25 Januari 2010

» Home » Media Indonesia » Wajar, Rumor Seputar Sri Mulyani

Wajar, Rumor Seputar Sri Mulyani

Rumor atau gosip tidak pernah jatuh dari 'planet luar'; tidak pernah muncul begitu saja tanpa dasar. Tiada asap, tanpa api. Maka, yang mesti ditelusuri adalah 'dasar' atau 'api' itu.

Siapa yang melempar rumor bahwa Sri Mulyani sebentar lagi akan dicopot sebagai menteri keuangan? Bahwa antara Presiden Yudhoyono dan Ketua Umum Golkar Aburizal Bakrie sudah ada kesepakatan untuk mengganti Sri Mulyani?

Sebelum menjawab pertanyaan itu, saya ajak pembaca untuk refreshing apa itu rumor. Per definisi, rumor adalah informasi atau berita yang (a) tidak jelas sumbernya, dan oleh sebab itu (2) kebenarannya tidak bisa dipertanggungjawabkan. Rumor muncul karena dua faktor dominan. Pertama, masalah besar atau penting yang terkait erat dengan kepentingan umum. Kedua, kejelasan mengenai masalah itu masih remang-remang. Maka, timbullah rasa cemas, rasa ingin tahu bagaimana sesungguhnya permasalahan tersebut. Penyebarluasan rumor akan semakin kencang dan luas seiring dengan (1) makin simpang siurnya 'keadaan' (being) permasalahan itu dan (2) makin penting/urgen masalah tersebut bagi masyarakat luas.

Syahdan, masih menurut teori, jika dua kondisi itu hadir di masyarakat, rumor pun tidak bisa dielakkan. Penyebarnya bisa memiliki berbagai motivasi. Kelompok pertama, mereka yang punya kepentingan dengan substansi rumor. Jika seorang presiden yang sedang sakit tiba-tiba dirumorkan kondisi kesehatannya makin buruk, penyebar rumor boleh jadi adalah orang--dibantu konco-konconya--yang sudah lama berambisi menjadi presiden. Diciptakanlah kondisi agar publik percaya bahwa usia presiden takkan lama lagi.

Kelompok kedua sebagai penyebar rumor adalah mereka yang menginginkan terciptanya situasi kacau. Mereka tahu benar bahwa situasi kaos, atau destabilitas sosial-politik akan terjadi manakala rumor yang dilempar itu cukup dipercaya masyarakat luas. Tatkala Presiden Prancis Francois Mitterand dulu dikabarkan menderita sakit kanker, cukup banyak politisi puncak di negara-negara Barat yang waswas bagaimana nasib Prancis pasca-Mitterand.

Kelompok ketiga, mereka yang memakai rumor sebagai senjata propaganda untuk menohok lawan; semacam pembunuhan karakter. Tentu itu termasuk propaganda hitam.

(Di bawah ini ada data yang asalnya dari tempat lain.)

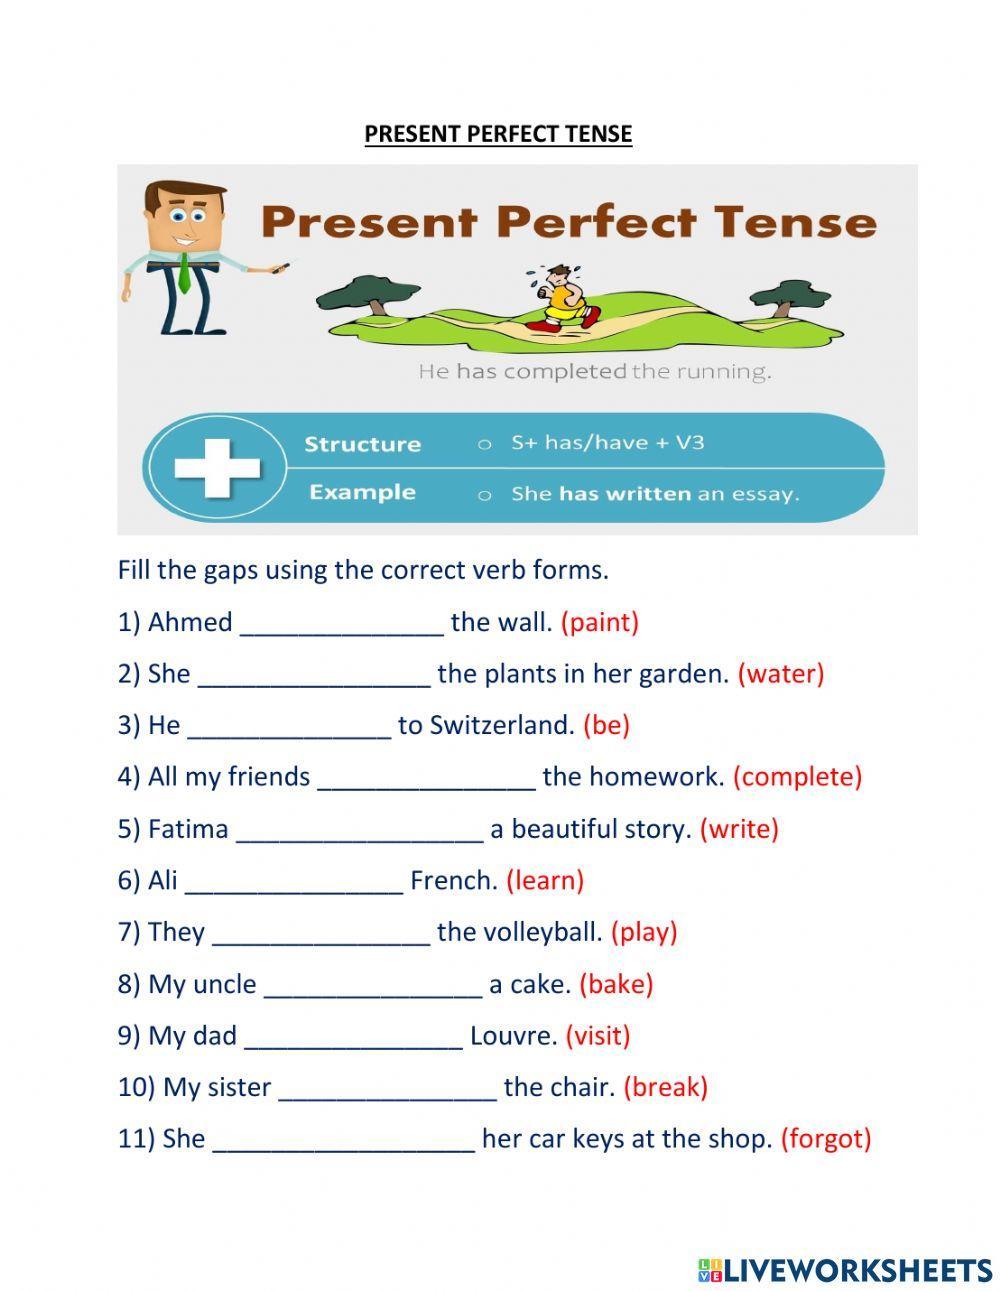 present-perfect-tense-online-exercise-for-grade-6-live-worksheets

Kelompok keempat, mereka yang berfantasi. Karena saya berfantasi menjadi presiden direktur perusahaan tempat saya bekerja, saya menyebarkan rumor yang menjelek-jelekkan presiden direktur yang sedang menjabat; sekaligus informasi tentang saya yang hebat dan pantas menduduki kursi itu.

Kelompok kelima, orang-orang yang hanya iseng. Mereka bahagia dan tertawa terpingkal-pingkal begitu mengetahui bahwa begitu banyak orang yang termakan oleh rumor yang diciptakannya di meja komputer sambil makan bakso!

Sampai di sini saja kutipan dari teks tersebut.